# Piston rings on a 50cc moped engine



## xxironchefxx (Aug 9, 2008)

I am rebuilding a 50cc 2-stroke moped engine and i need to replace the piston rings. i measured one of the existing rings and it reads about 41mm in diameter. I went to the website of the company and found all the technical information about the moped and it said the piston ring diameter was 32 x 2 as you can see in the first picture. I don't know what units they are using and I cannot order the exact parts online because the company went out of business. The company is called JAWA and is from Europe. I need the correct measurements of the ring so i can order a new one. 32 x 2 is the only information given and if that is in millimeters, then it argues with my 41mm reading of the ring diameter (it is most likely not exactly 41mm but i don't have the correct tools to measure accurately).

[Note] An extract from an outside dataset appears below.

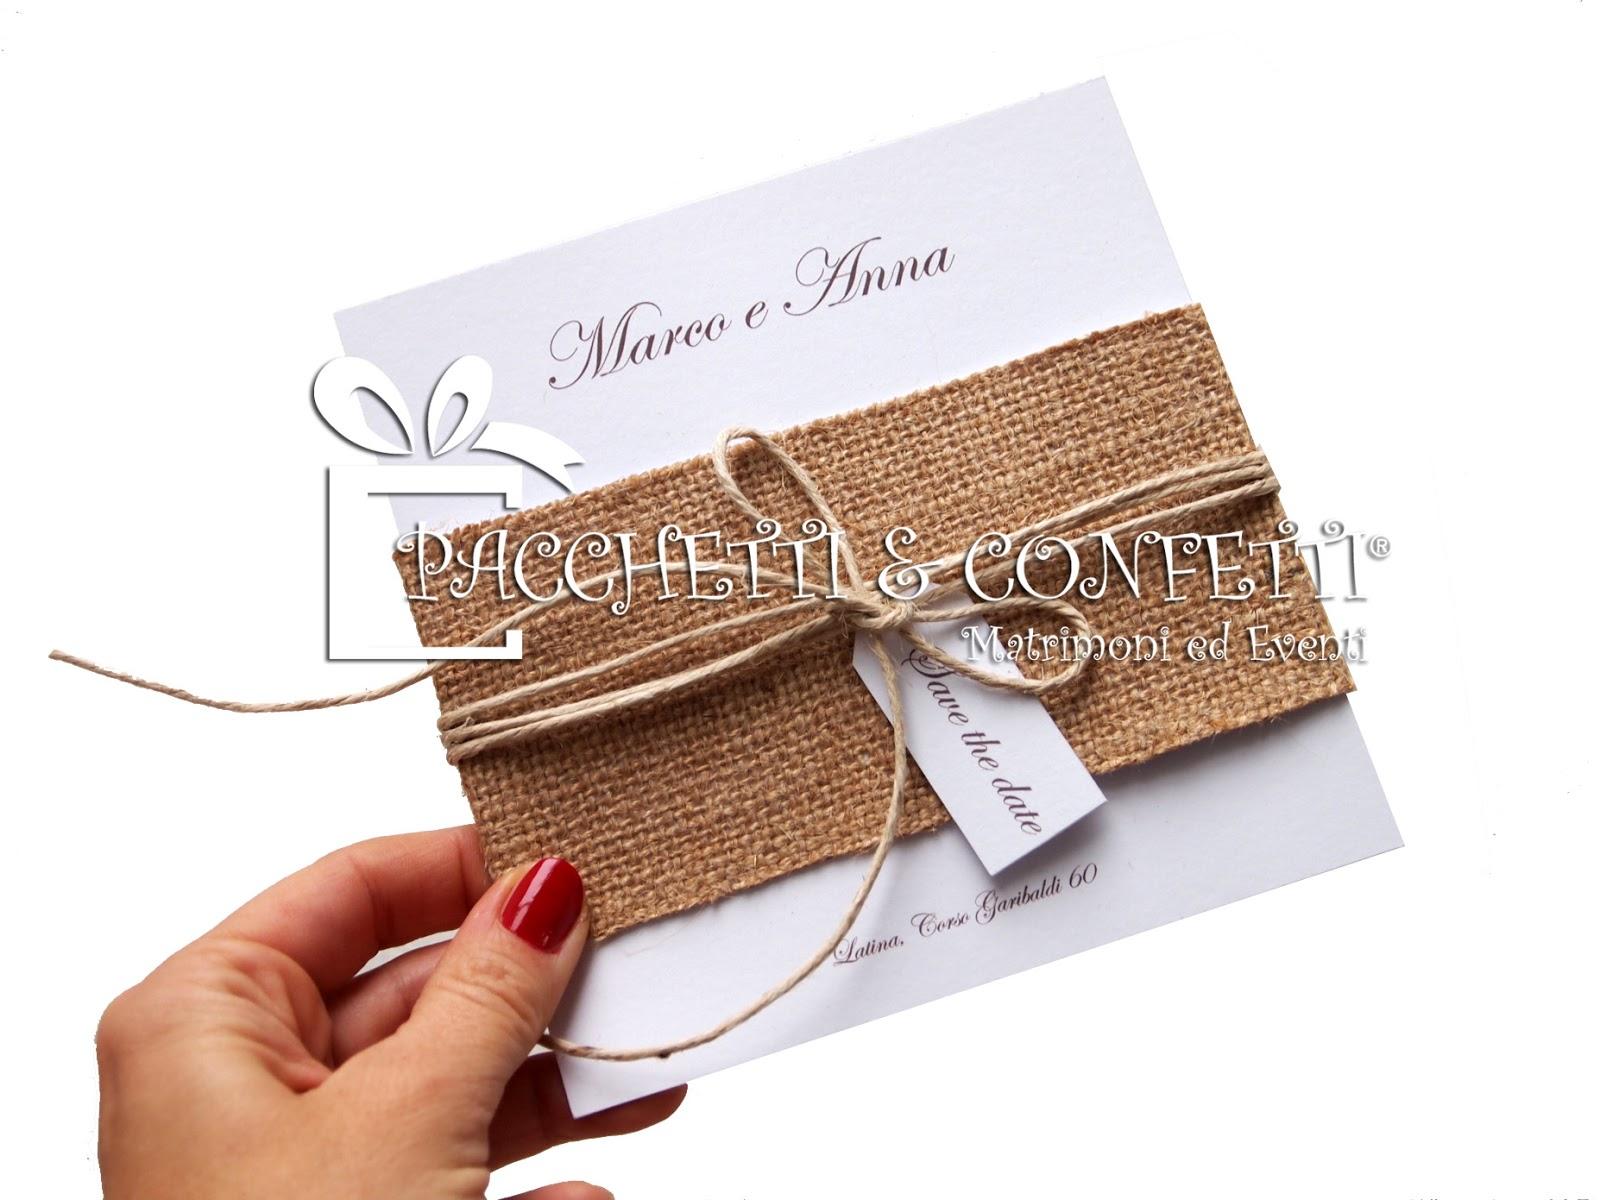 Partecipazioni Matrimonio In Juta : Pacchetti e confetti idee nozze con la juta

Are they measuring it a different way? Please tell me what i should do when trying to order replacing piston rings. I was thinking of using rings used for chainsaws. The cylinder has not been re bored. Also, on the second picture i do not understand why there is "A,B,and C" measurements of the same piston? Please help me.

http://img354.imageshack.us/img354/838/123he8.png
http://img125.imageshack.us/img125/1053/1234vt8.png


----------



## SABL (Jul 4, 2008)

You more than likely measuring the rings with them being out of the cylinder. The munufacturer is probably giving the dimension of the ring in an installed or "compressed" condition. Squeeze the ring until the ends meet and remeasure.

Best of luck.
SABL


----------



## SABL (Jul 4, 2008)

Your measurement of +/- 41 seems to be correct. After looking at the pdf @ jawa I would think that the 32x2 is a typo.....and probably isn't the only one. As for the 3 different measurements, those could be tolerances for taper at differing locations.

That is one crude tech manual!


----------